Несмеян, вздрогнув, открыл глаза. Гордей, уже поняв, что его дело плохо, рванулся к княжьему креслу, но двое воев уже схватили его за руки, а третий ударил в спину подтоком копья, сбивая с ног.
Всеслав коротко мотнул головой в сторону обрыва. Руки Гордея захлестнула верёвка, шею стянула тяжестью удавка с камнем на конце.
– Княже! – хрипло-горловой вопль – отчаяние и изумление! Гордей так ничего и не понял.
Глухо бухнула под откосом яра вода – Волхов впервой за три сотни лет получил столь значимую жертву! Все вслушались.
Умеючи можно выплыть и в плаще и в сапогах, и даже со связанными руками. И даже с камнем на шее.
Но под яром раздался вдруг глухой короткий рёв, с которым смешался отчаянный животный вопль – уж не сам Змей Волхов принял жертву?

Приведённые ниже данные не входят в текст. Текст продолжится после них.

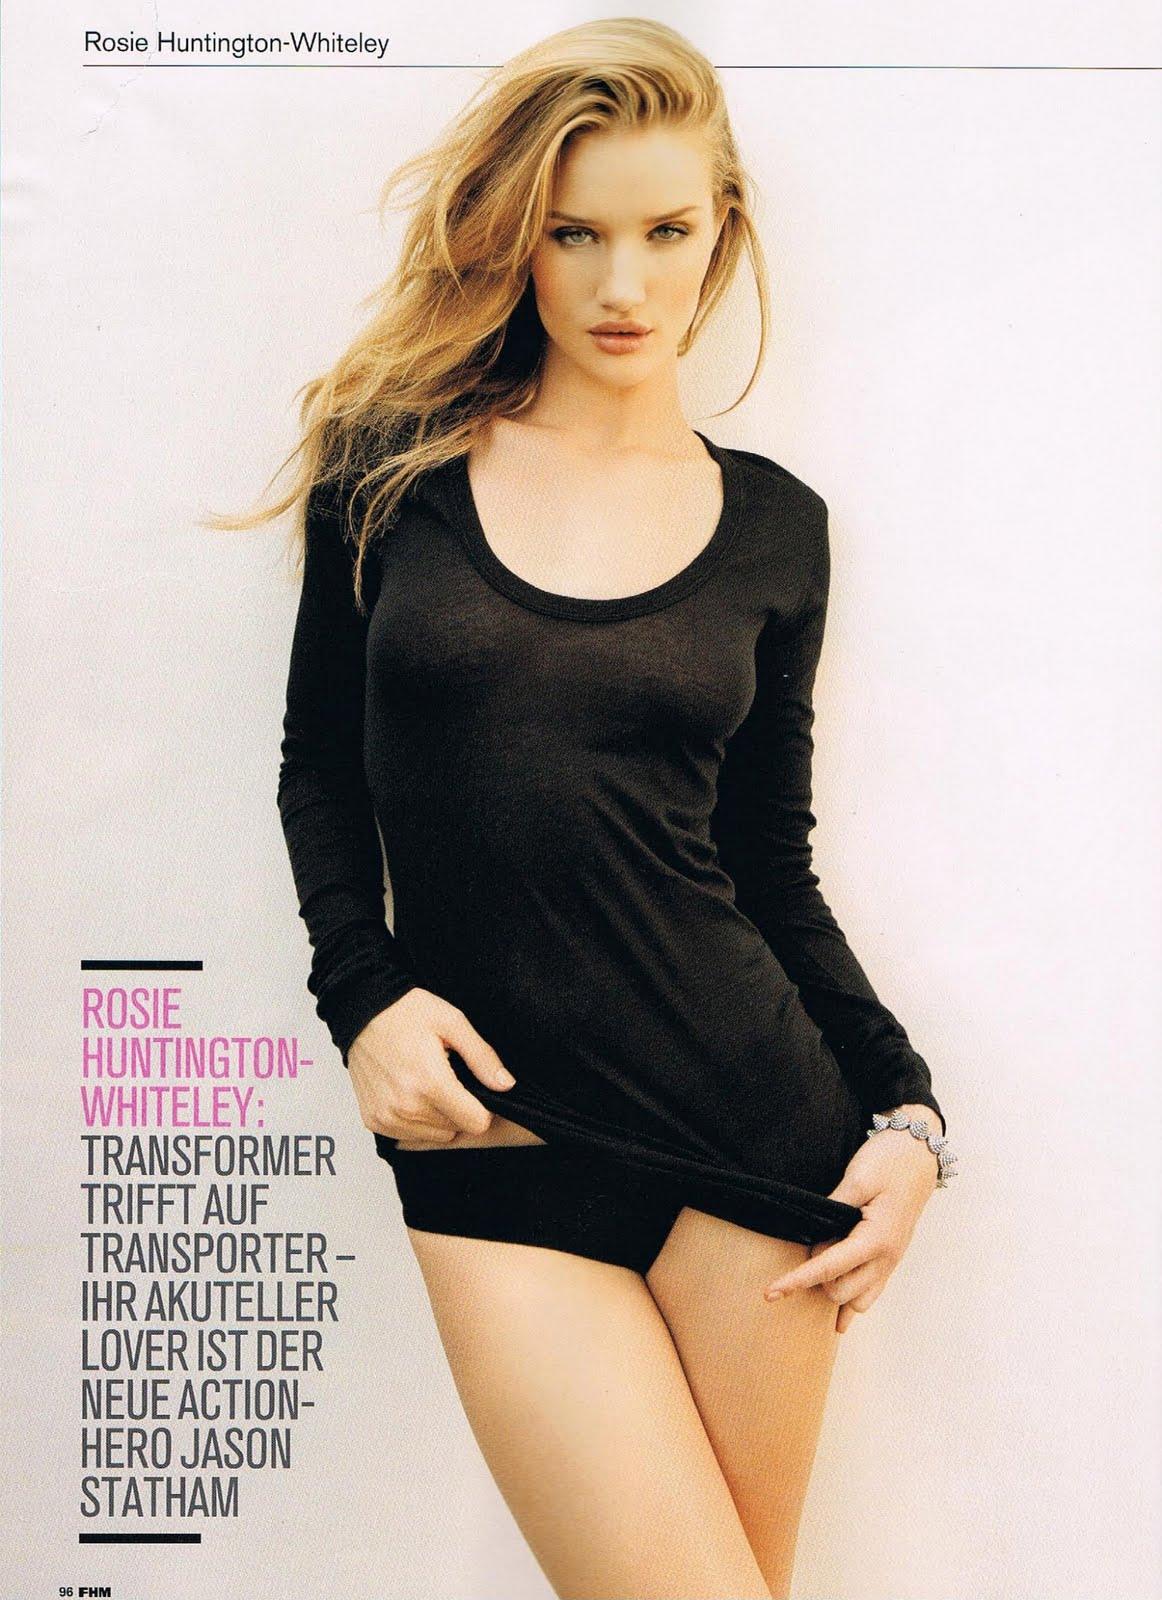 Fhm Magazine Nude Photos

Величественная фигура за спиной Всеслава удовлетворённо склонила голову.
В ночи звучно многоголосо гремели цикады. Несмеян швырнул в Волхов камешек, несколько мгновений глядел на разбегающиеся круги. Взял второй.
– Покинь, – негромко сказал Витко, не подымая головы.
Друг сидел на большом камне у самой воды.
– Чего? – переспросил Несмеян.
– Не надо, – тихо сказал Витко. – Смотри, как хорошо.
Ночь и впрямь стояла хорошая – тишина, ни ветринки, и вода в Мутной-Волхове – не шелохнётся.
– Знал его? – Несмеян не уточнил – кого. И так было ясно.